Not that I am making any new insights here, but today’s opinions weave a tangled web. I subscribe to my alma mater’s, UConn, daily newspaper The Daily Campus to keep up on the basketball teams and also to stay informed of the opinions of today’s college students. Here is a letter to the editor questioning the value of the institution of marriage. Marriage: a misguided Tradition
His arguments against marriage are less sex (necessary for mental health), poverty from the eventual divorce, fidelity (the author is a male), and puts on paper what’s should only be in the heart. I fear this isn’t an April Fool’s article. I don’t think he is gay since this is the normative gay male lifestyle yet they want to have the right to marry like heterosexuals.
Nicholas D. Kristof over at the NY Times also has a problem with marriage. In his March 30th article, When Marriage Kills, he blames the Bush administration for emphasizing Abstinence, Being Faithful, Condoms in that order in AIDS aid to Africa. Since cheating husbands don’t receive enough emphasis on condoms and they can’t be faithful, the Bush administration is at fault for those wives’ infections. He contravenes his theory since the condom message is loud and clear enough for the interviewed prostitute to concede she’ll get 4x more money from the truckdrivers who patronize her if she’ll let them not use a condom.
Elsewhere, Dalia Lithwick, over at Slate, criticizes pro-marriage people for tossing the sacred contract aside in order to save Terri Schiavo’s life, Till Death - or Tom Delay-Do Us Part, the subtitle is The “sanctity of marriage” is suddenly negotiable.
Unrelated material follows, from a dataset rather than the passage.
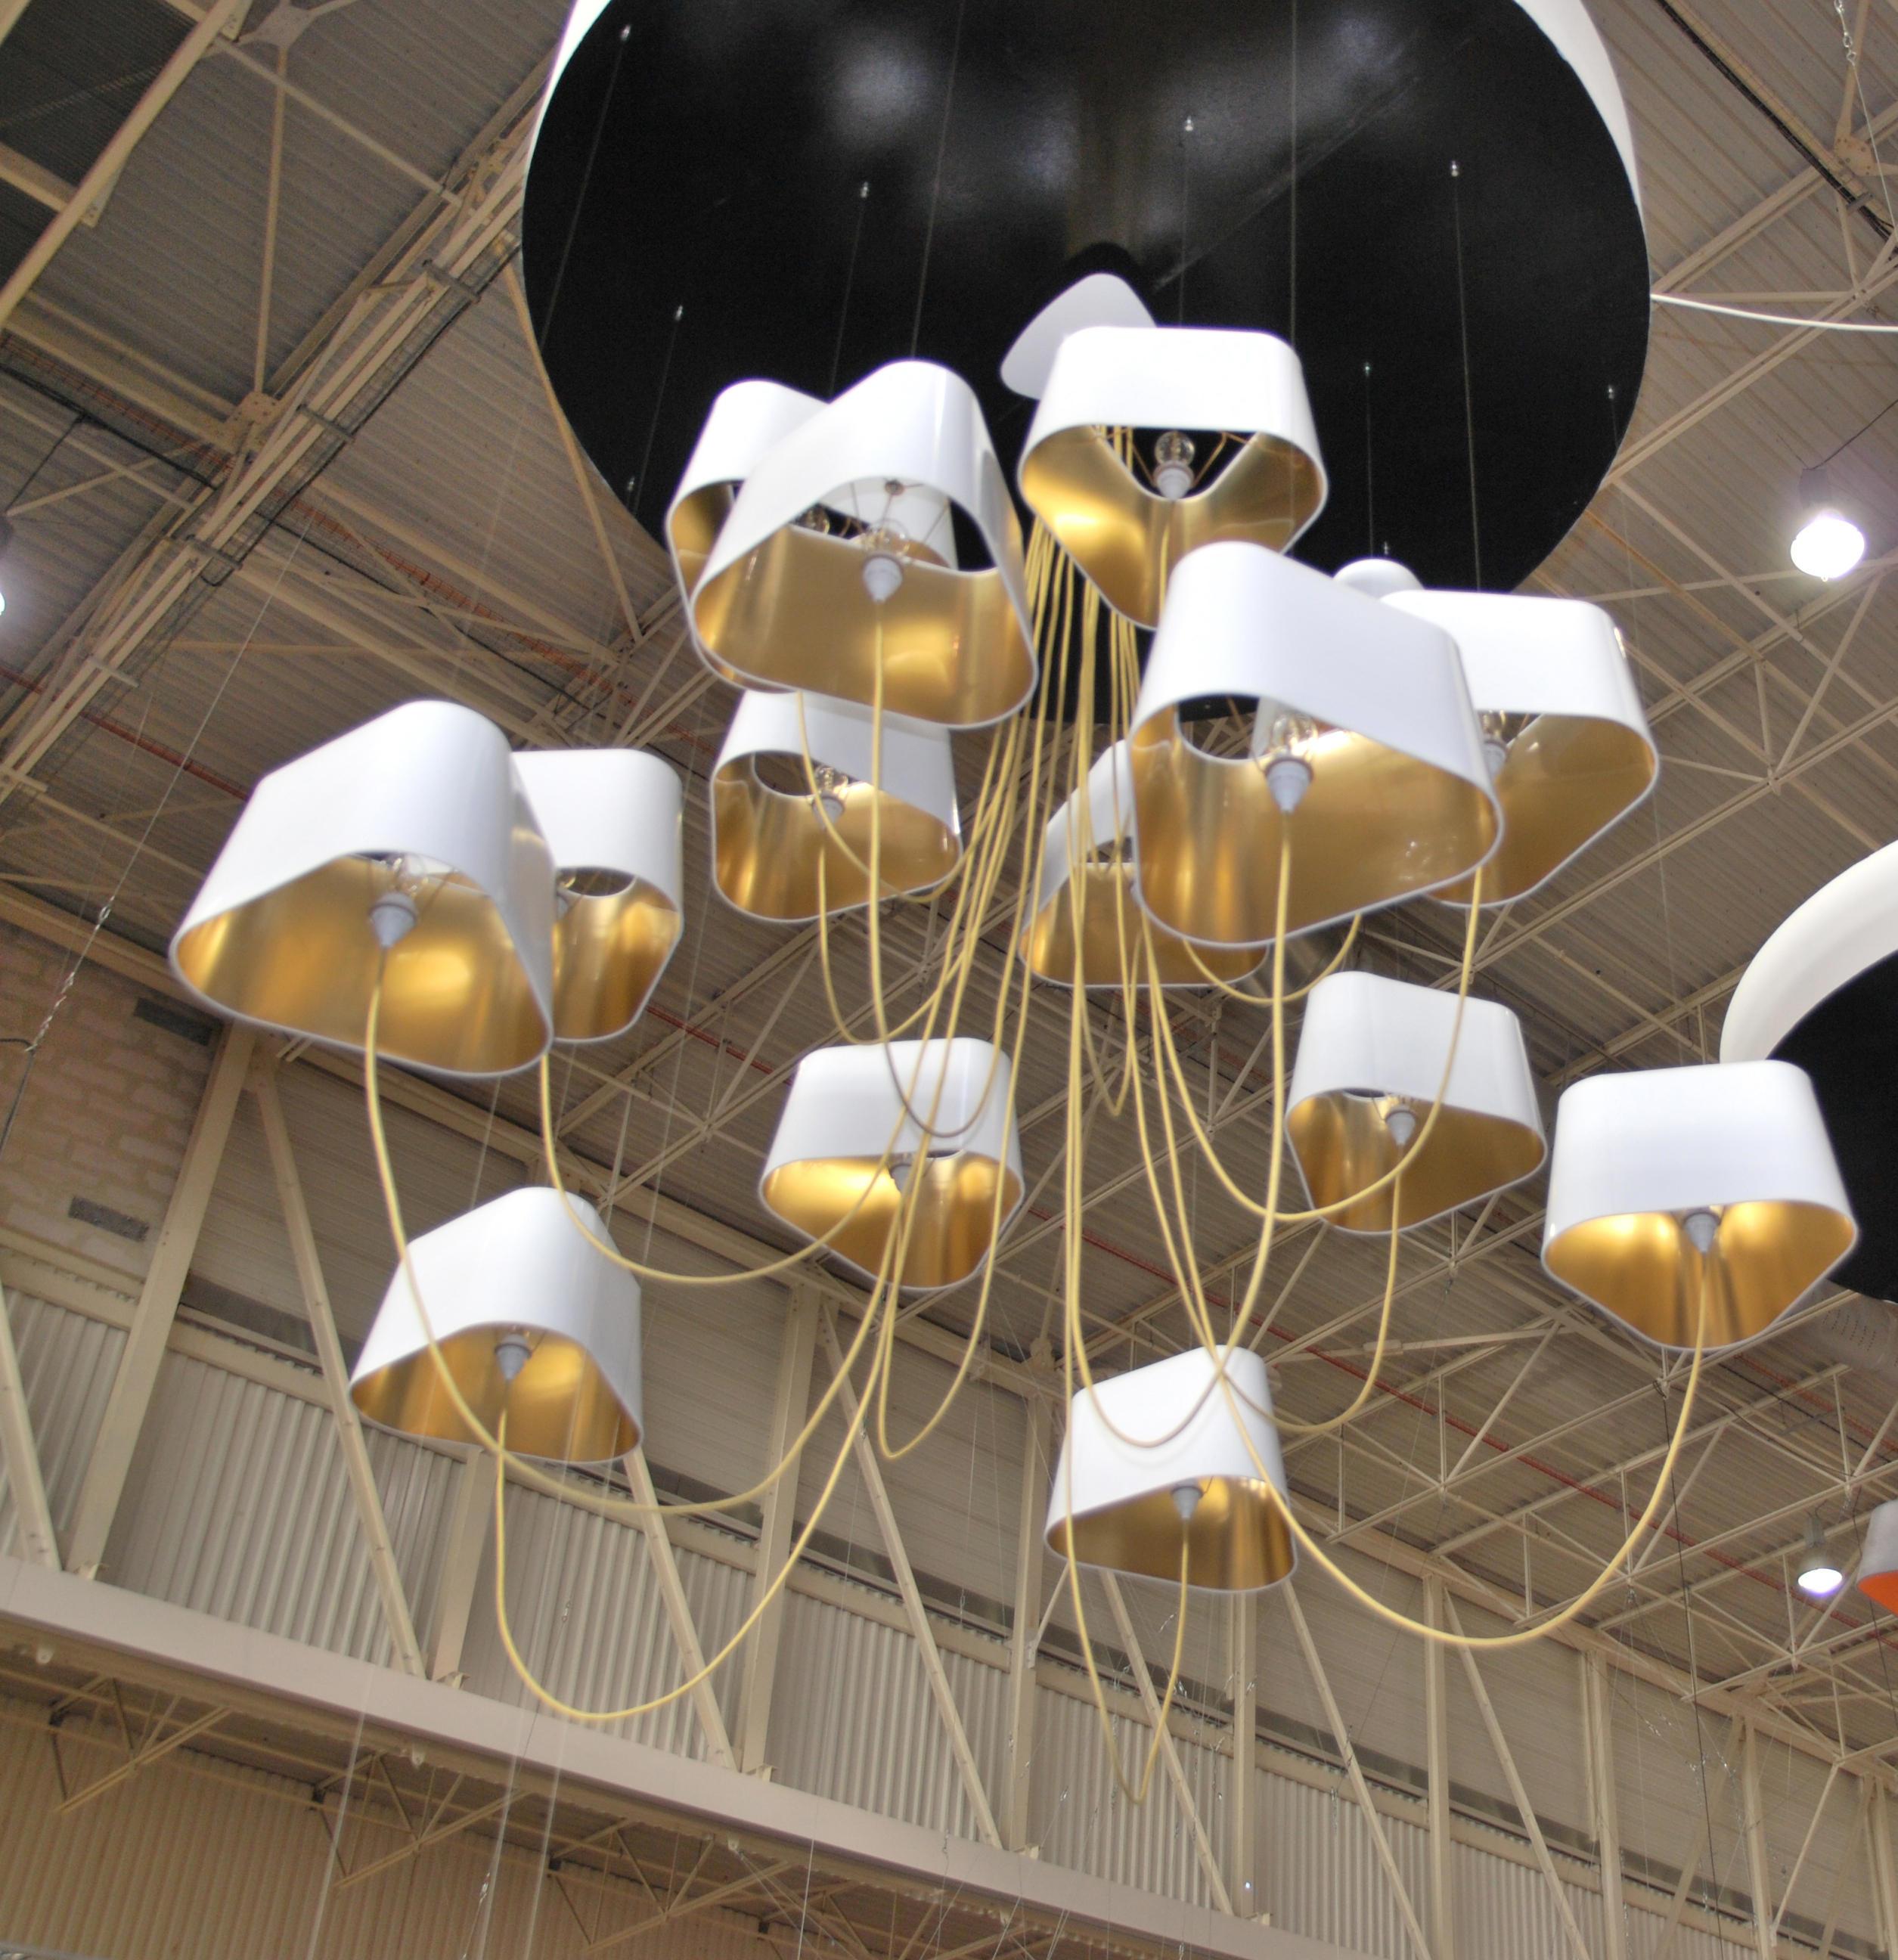 nuage lustre 6 petit lustres suspendus de designheure. Black Bedroom Furniture Sets. Home Design Ideas

She concludes,
There is just no evidence that Michael Schiavo is an unfit guardian. Sure, it would make for a better Harlequin Romance if he'd spent decades pining alone at his wife's bedside; if he hadn't found himself a girlfriend and some kids. But he and Terri were—and still are—married, and the law has always treated that bond as sacred: serious, inviolate, till-death-do-us-part serious, until the parties themselves decide otherwise.
Not only would it make a better Harlequin Romance, it’s the relationship that Jesus has for his church, his bride. It’s the picture he wants believers to live out as living metaphors of his love for us. See Eph 5:25-35
Husbands, go all out in your love for your wives, exactly as Christ did for the church--a love marked by giving, not getting. Christ's love makes the church whole. His words evoke her beauty. Everything he does and says is designed to bring the best out of her, dressing her in dazzling white silk, radiant with holiness. And that is how husbands ought to love their wives. They're really doing themselves a favor--since they're already "one" in marriage.
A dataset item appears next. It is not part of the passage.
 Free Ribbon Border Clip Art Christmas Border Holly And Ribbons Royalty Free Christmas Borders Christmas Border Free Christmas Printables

No one abuses his own body, does he? No, he feeds and pampers it. That's how Christ treats us, the church, since we are part of his body. And this is why a man leaves father and mother and cherishes his wife. No longer two, they become "one flesh." This is a huge mystery, and I don't pretend to understand it all. What is clearest to me is the way Christ treats the church. And this provides a good picture of how each husband is to treat his wife, loving himself in loving her, and how each wife is to honor her husband. (The Message)
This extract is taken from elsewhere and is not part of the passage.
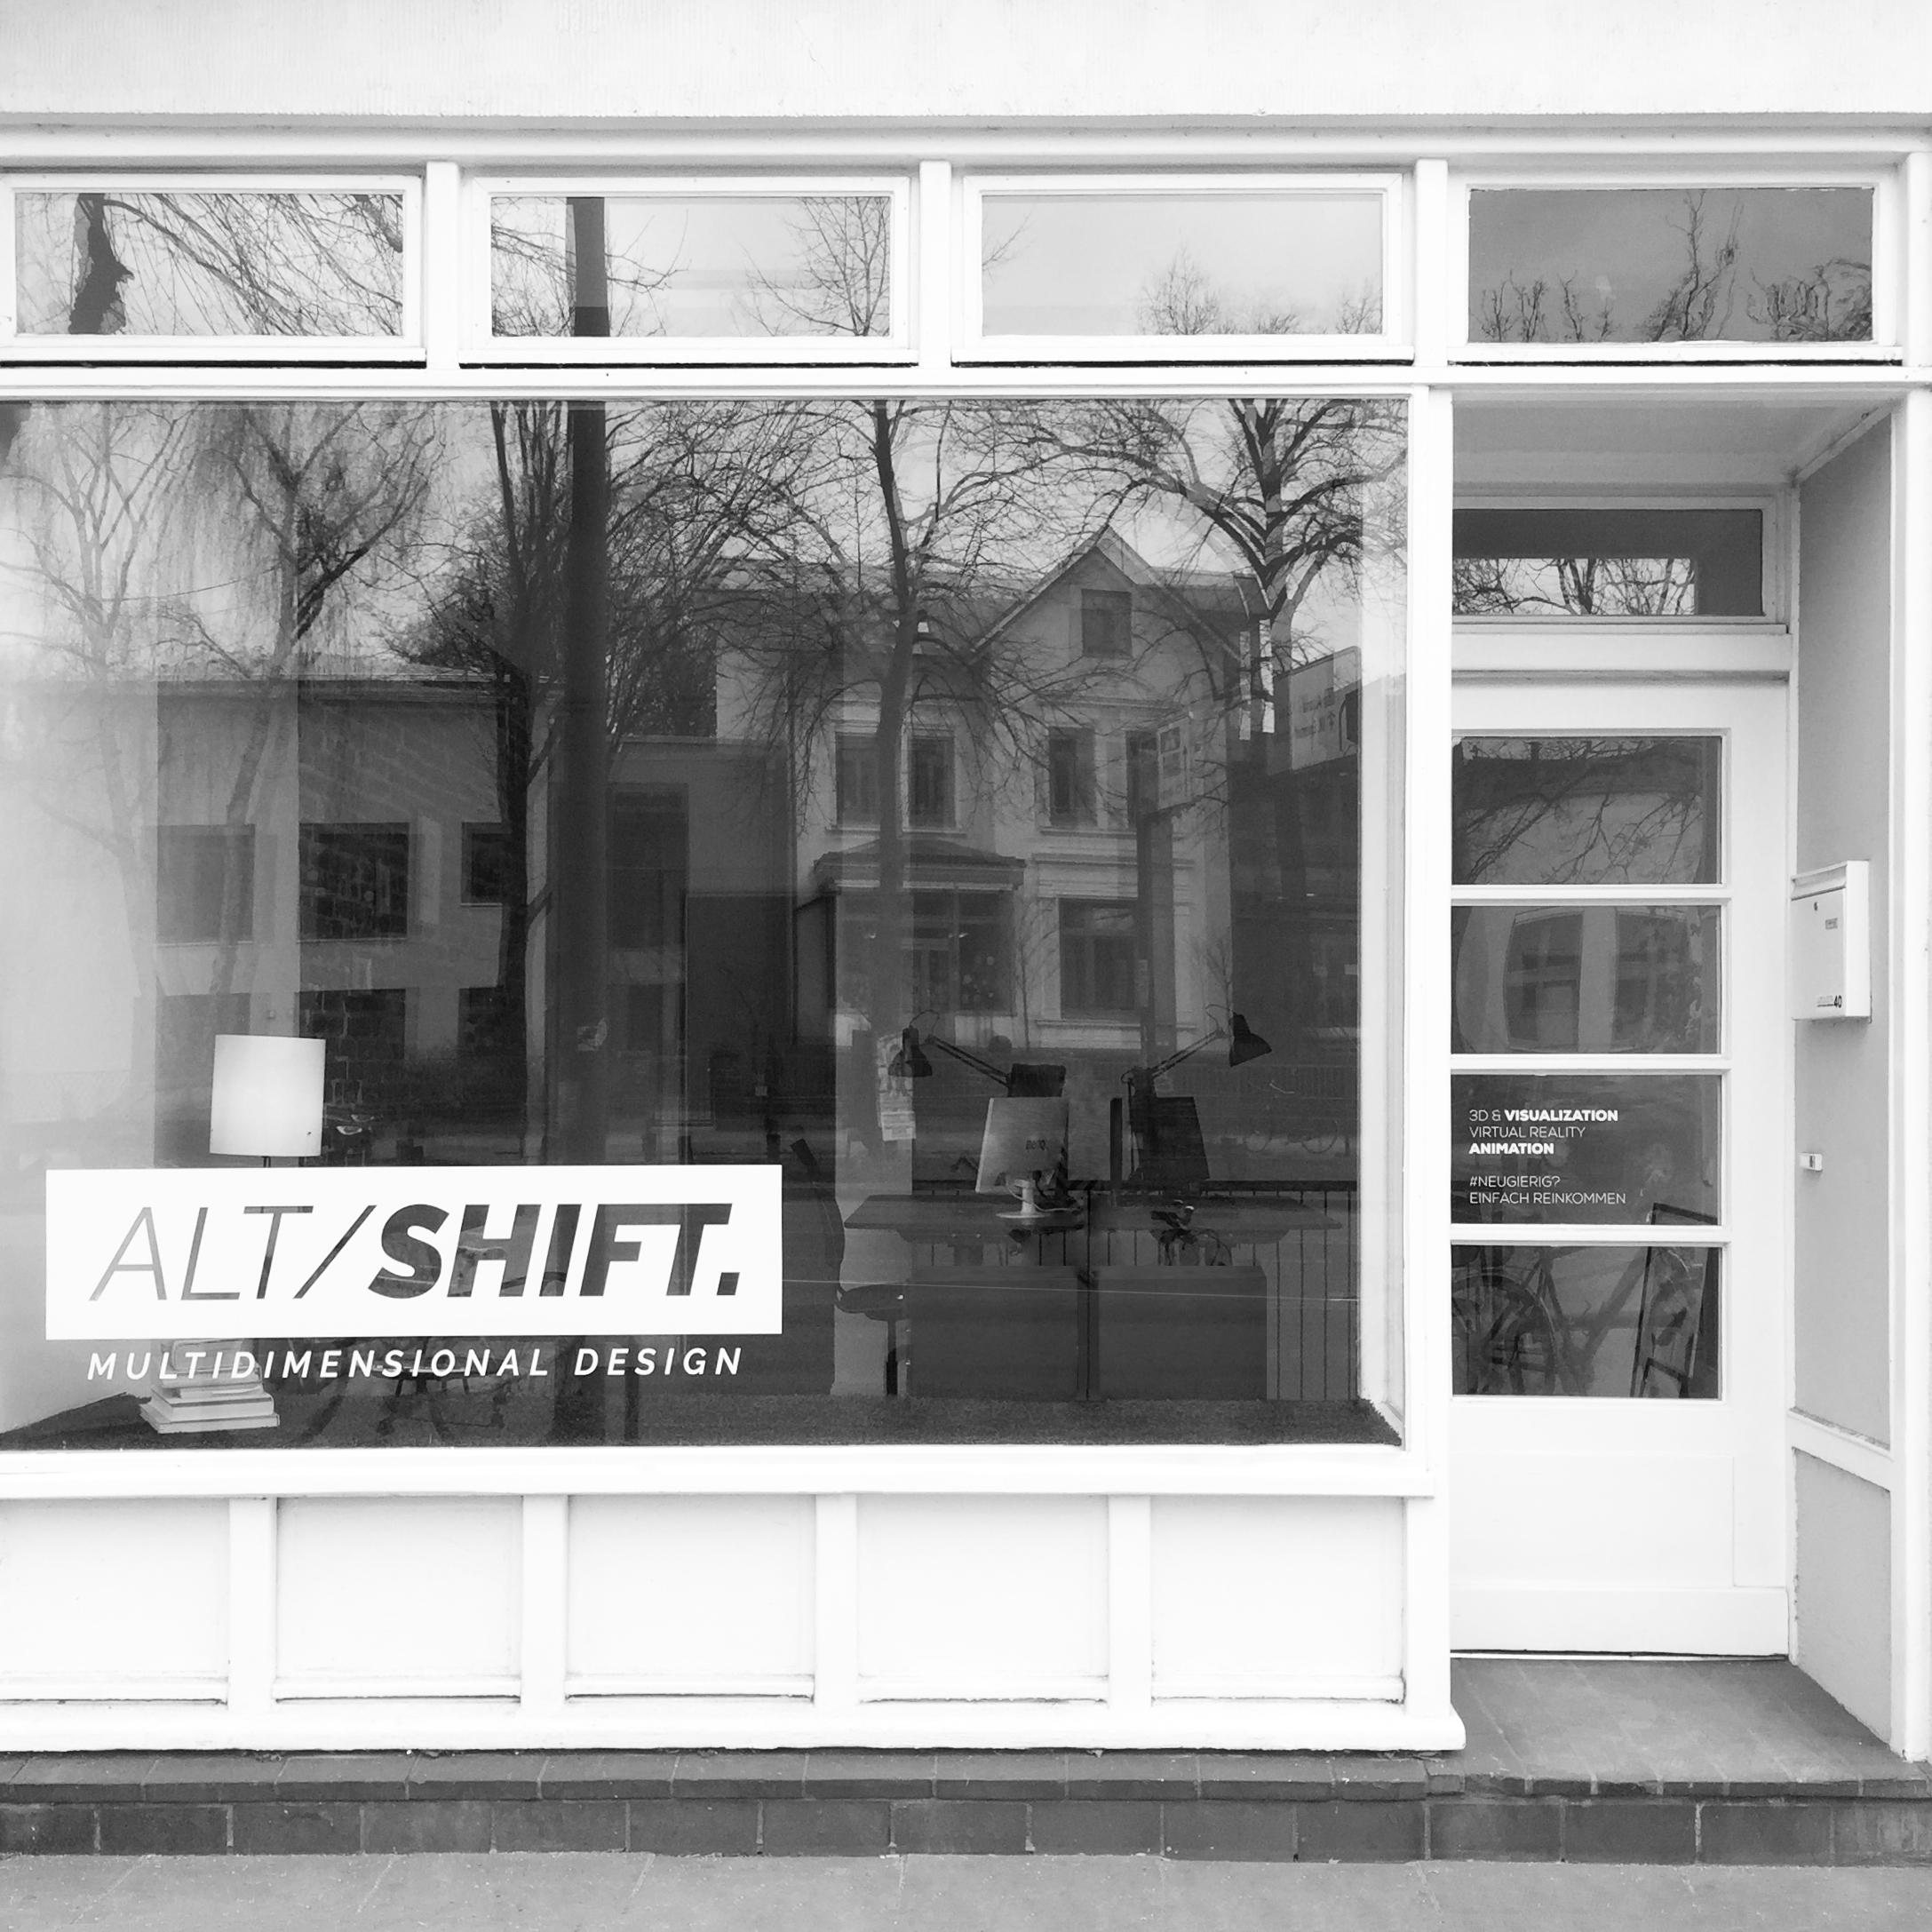 ALTSHIFT__Studio_02.jpg

So us pro-marriage people aren’t pro-Harlequin, but pro-self sacrifice, pro-other centered. When Terri’s husband found himself a new wife in deed if not in formality, he disqualified himself from that sacred bond, unless he got Terri’s forgiveness. The “parties,” plural, did not decide anything about the sanctity of this bond. This is what makes the court’s ruling in his favor incomprehensible. If there ever is an example of the letter of the law killing this is it. Yes, technically, they are married. But in reality at best he is a polygamist, at worst a murderer. Which answers the question this letter writer to the Daily Campus why the public tried to answer this “private” decision The Humiliation Concludes. He thinks it is not our place to “to judge someone when he's acting in accordance with the law.” The ultimate sign of the end of the times is his conclusion that “As much as the right to die needs to be explored and discussed, individual lives do not.” As I noted in my previous entry, if his life is in jeopardy from the law, he will prefer his individual life discussed.
The saddest part of this is our culture of death cannot even agree with Stalin who said, “One death is a tragedy. A million deaths is a statistic.” Our culture is no longer traumatized by one immoral death. We are barely moved by statistics. One million abortions a year in God’s country doesn’t move a lot of people. But that goes back to the point of marriage. What the non-Christian doesn’t understand is that maariage is about dying to oneself, which happens to lead to a greater existence than offered by the swinger style. It was just as crazy then as it is now to hear Jesus’s words from Matthew 16:25-27
For whoever wants to save his life will lose it, but whoever loses his life for me will find it. What good will it be for a man if he gains the whole world, yet forfeits his soul? Or what can a man give in exchange for his soul? For the Son of Man is going to come in his Father's glory with his angels, and then he will reward each person according to what he has done. (NIV)
That’s all from this married, pro-life fool for Jesus.